WORK INSTRUCTIONS: Copy exactly the lines of the data below, beginning with the line with "Felice volto sorridente" and ending with the line with "Rabbi Delphine Horvilleur". Pictures are to be omitted.
(MATERIAL FOR THIS TASK Opens)
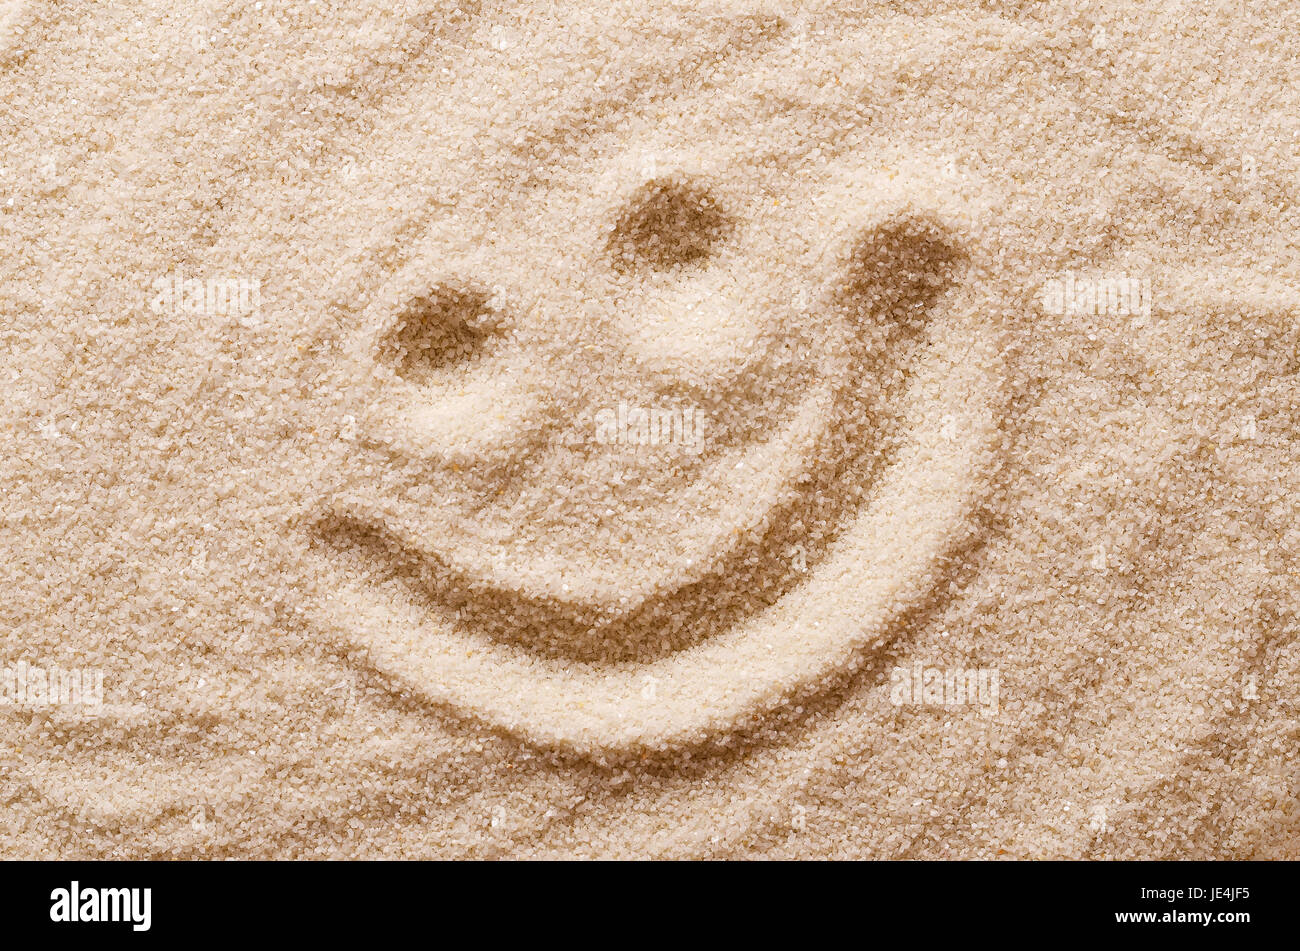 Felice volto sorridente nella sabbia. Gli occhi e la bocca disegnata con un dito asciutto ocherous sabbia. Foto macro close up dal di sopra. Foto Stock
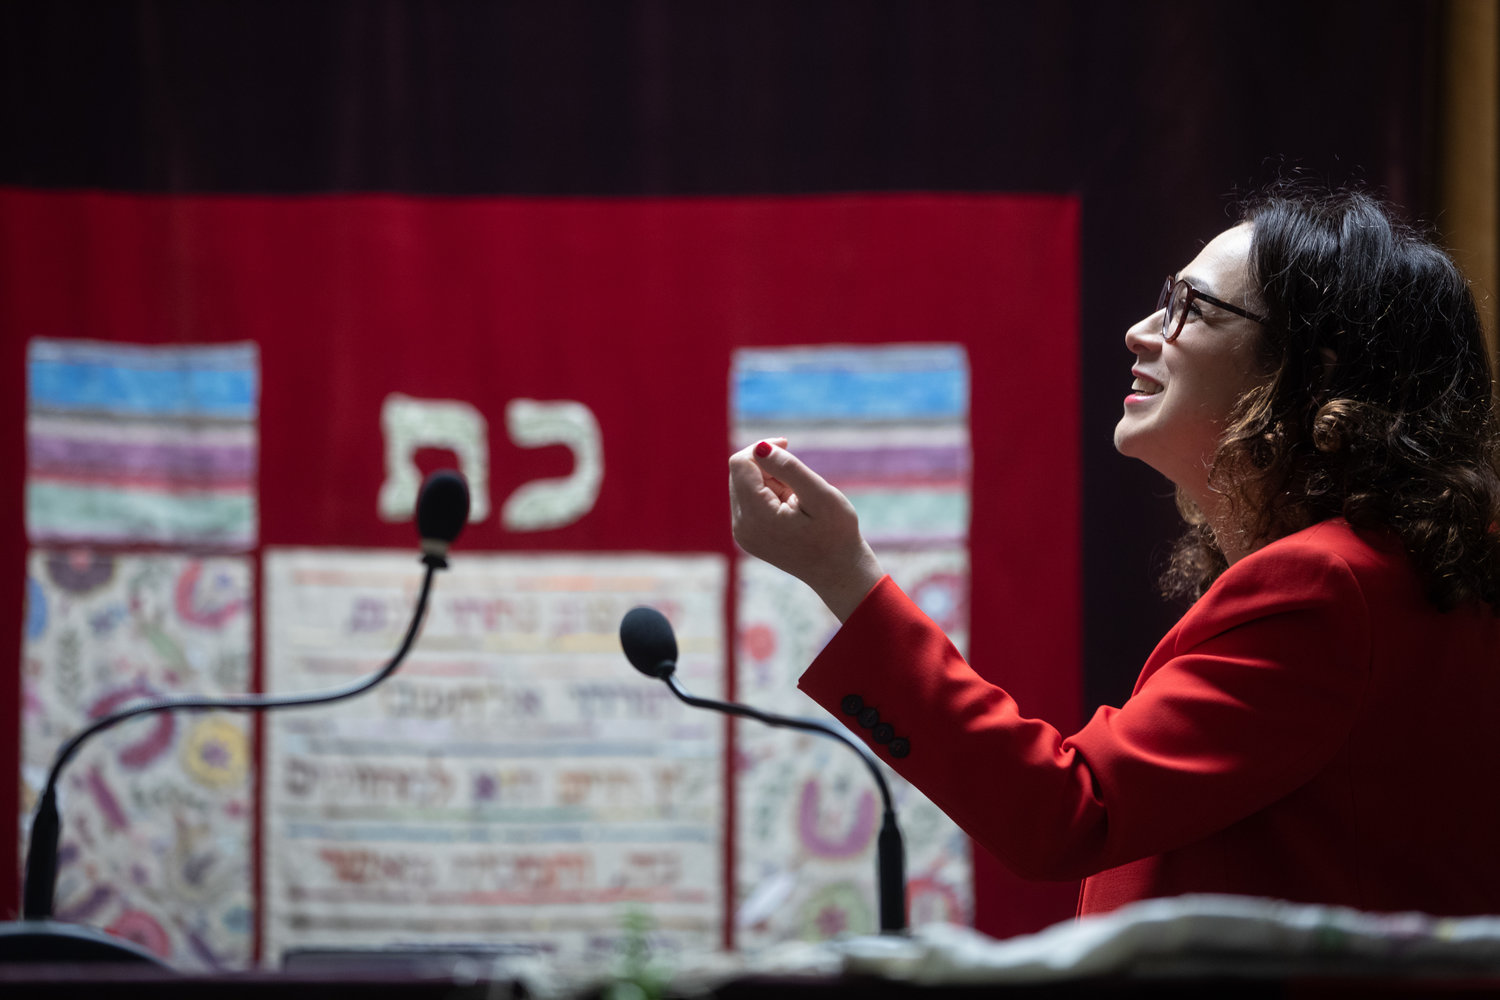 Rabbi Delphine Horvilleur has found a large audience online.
(MATERIAL FOR THIS TASK Closes)
(MATERIAL FOR THIS TASK Opens)
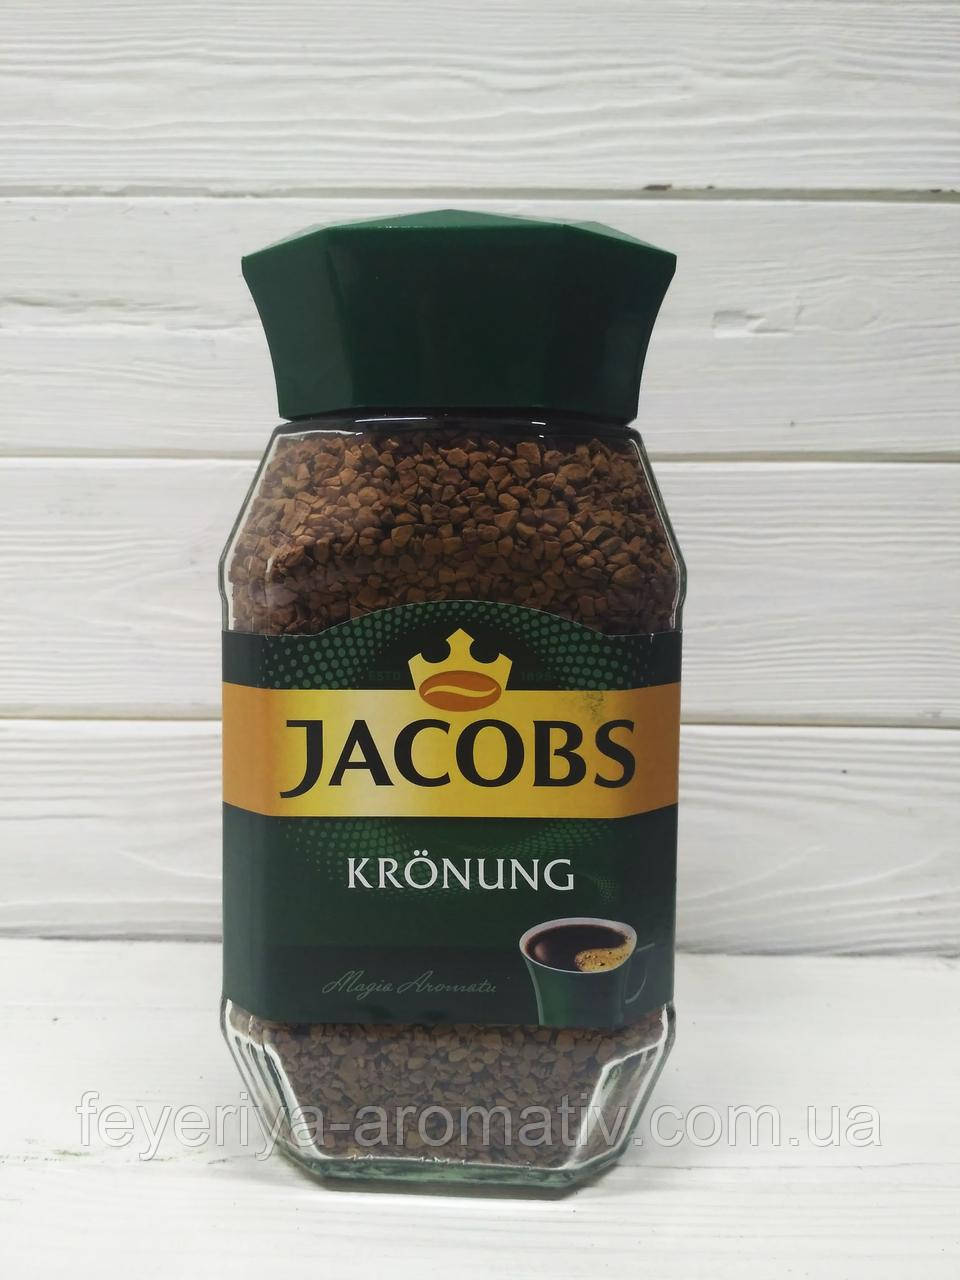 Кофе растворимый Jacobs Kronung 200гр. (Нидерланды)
(MATERIAL FOR THIS TASK Closes)
OUTPUT:
 Felice volto sorridente nella sabbia. Gli occhi e la bocca disegnata con un dito asciutto ocherous sabbia. Foto macro close up dal di sopra. Foto Stock
 Rabbi Delphine Horvilleur has found a large audience online.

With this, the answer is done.